The objective of this paper is to integrate the generalized gamma (GG) distribution into the information theoretic literature. We study information properties of the GG distribution and provide an assortment of information measures for the GG family, which includes the exponential, gamma, Weibull, and generalized normal distributions as its subfamilies. The measures include entropy representations of the log-likelihood ratio, AIC, and BIC, discriminating information between GG and its subfamilies, a minimum discriminating information function, power transformation information, and a maximum entropy index of fit to histogram. We provide the full parametric Bayesian inference for the discrimination information measures. We also provide Bayesian inference for the fit of GG model to histogram, using a semi-parametric Bayesian procedure, referred to as the maximum entropy Dirichlet (MED). The GG information measures are computed for duration of unemployment and duration of CEO tenure.

Introduction

The generalized gamma (GG) distribution offers a flexible family in the varieties of shapes and hazard functions for modeling duration. It was introduced by Stacy (1962). Difficulties with convergence of algorithms for maximum likelihood estimation (Hager and Bain, 1970) inhibited applications of the GG model. Prentice (1974) resolved the convergence problem using a nonlinear transformation of GG model. However, despite its long history and growing use in various applications, the GG family has been remarkably absent in the information theoretic literature. Thus far a maximum entropy (ME) derivation of GG is given in Kapur (1989), where it is referred to as generalized Weibull distribution, and only recently the entropy of GG has appeared in the context of flexible families of distributions (Nadarajah and Zografos, 2003). The GG family has not been included in information studies such as the existing ME distributional fitting of the parametric families (see, e.g., Soofi and Retzer, 2002 and references therein), the discrimination information statistics analysis of the parametric families (Alwan et al., 1998), and the entropy orderings of the parametric families (Ebrahimi et al., 1999). The main objective of this paper is to fill this void and integrate the GG family into the information theoretic literature. For this purpose, we develop information criteria for discriminating between the GG and its subfamilies and for assessing the fit of GG to the data. We also present Bayesian inference about the discrimination and the fit.
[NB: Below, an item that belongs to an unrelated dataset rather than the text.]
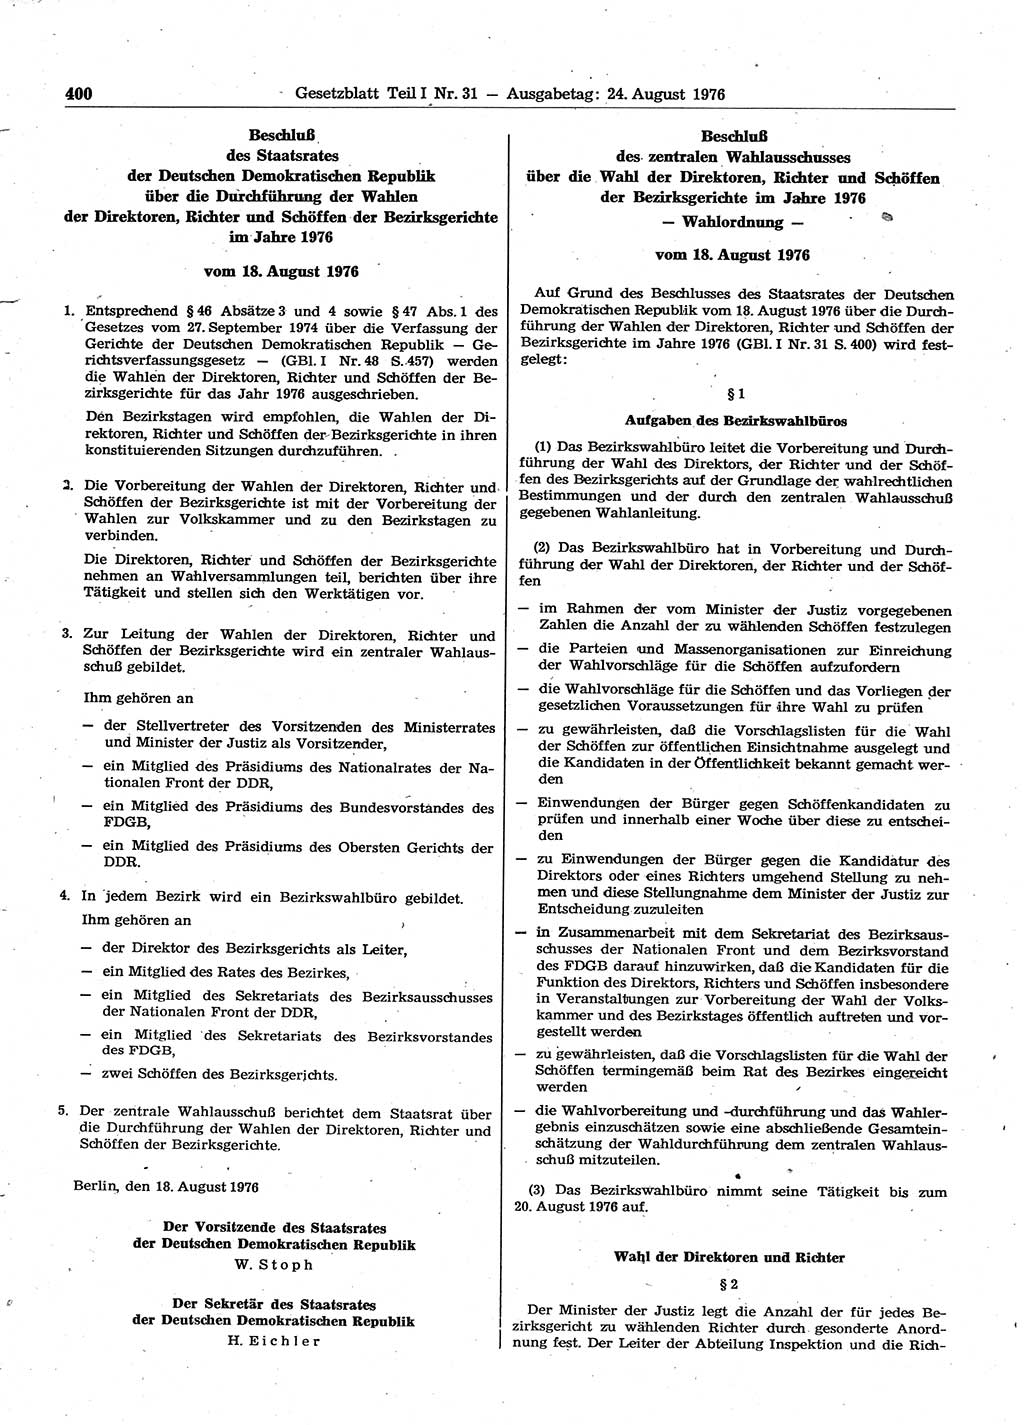 Gesetzblatt (GBl.) der Deutschen Demokratischen Republik (DDR) Teil Ⅰ 1976, Seite 400 (GBl. DDR Ⅰ 1976, S. 400)

Analysis of duration data is increasingly used in various areas of economics and related fields (Keifer, 1988). In labor economics, examples include studies of the duration of unemployment, (Lancaster, 1979, Kiefer, 1984, McDonald and Butler, 1987, Yamaguchi, 1992), turnover in labor market (Kiefer et al., 1985), length of contract (Gronberg, 1994), and duration of strike (Jaggia, 1991). Examples in other areas include studies of firms survival (Audretsch and Mahmoud, 1995), duration that firms spend under Chapter 11 (Orbe et al., 2002), duration that a property is on the market (Genesove and Mayer, 1997), duration of schooling at higher education (Diaz, 1999), duration of stages of oilfield exploration (Favero et al., 1994), household interpurchase time (Vakratsas and Bass, 2002), interpurchase time in financial markets (Allenby et al., 1999), and length of the time that new movies stay on screens (Blumenthal, 1988).

Distributions that are used in duration analysis in economics include exponential (Kiefer, 1984, Diebold and Rudebusch, 1990), lognormal (Eckstein and Wolpin, 1995), gamma (Lancaster, 1979), and Weibull (Favero et al., 1994). The GG family, which encompasses exponential, gamma, and Weibull as subfamilies, and lognormal as a limiting distribution, has been used in economics by Jaggia (1991), Yamaguchi (1992), and Allenby et al. (1999). Some authors (e.g., Jaggia, 1991, Allenby et al., 1999) have argued that the flexibility of GG makes it suitable for duration analysis, while others have been using simpler models and avoiding the estimation difficulties caused by the complexity of GG parameter structure. Obviously, there would be no need to endure the costs associated with the application of a complex GG model if the data do not discriminate between the GG and members of its subfamilies, or if the fit of a simpler model to the data is as good as that for the complex GG. The question therefore is: Do the data necessitate use of a GG model? From the information theoretic perspective, this question is dealt with derivation of probability models based on partial information in the form of a set of constraints, measuring the incremental information content of additional constraints, and thereby assessing compatibility of models with the data. The GG information measures, presented in this paper, offer tools, with axiomatic basis and intuitive appeals, for GG as a general class of duration models.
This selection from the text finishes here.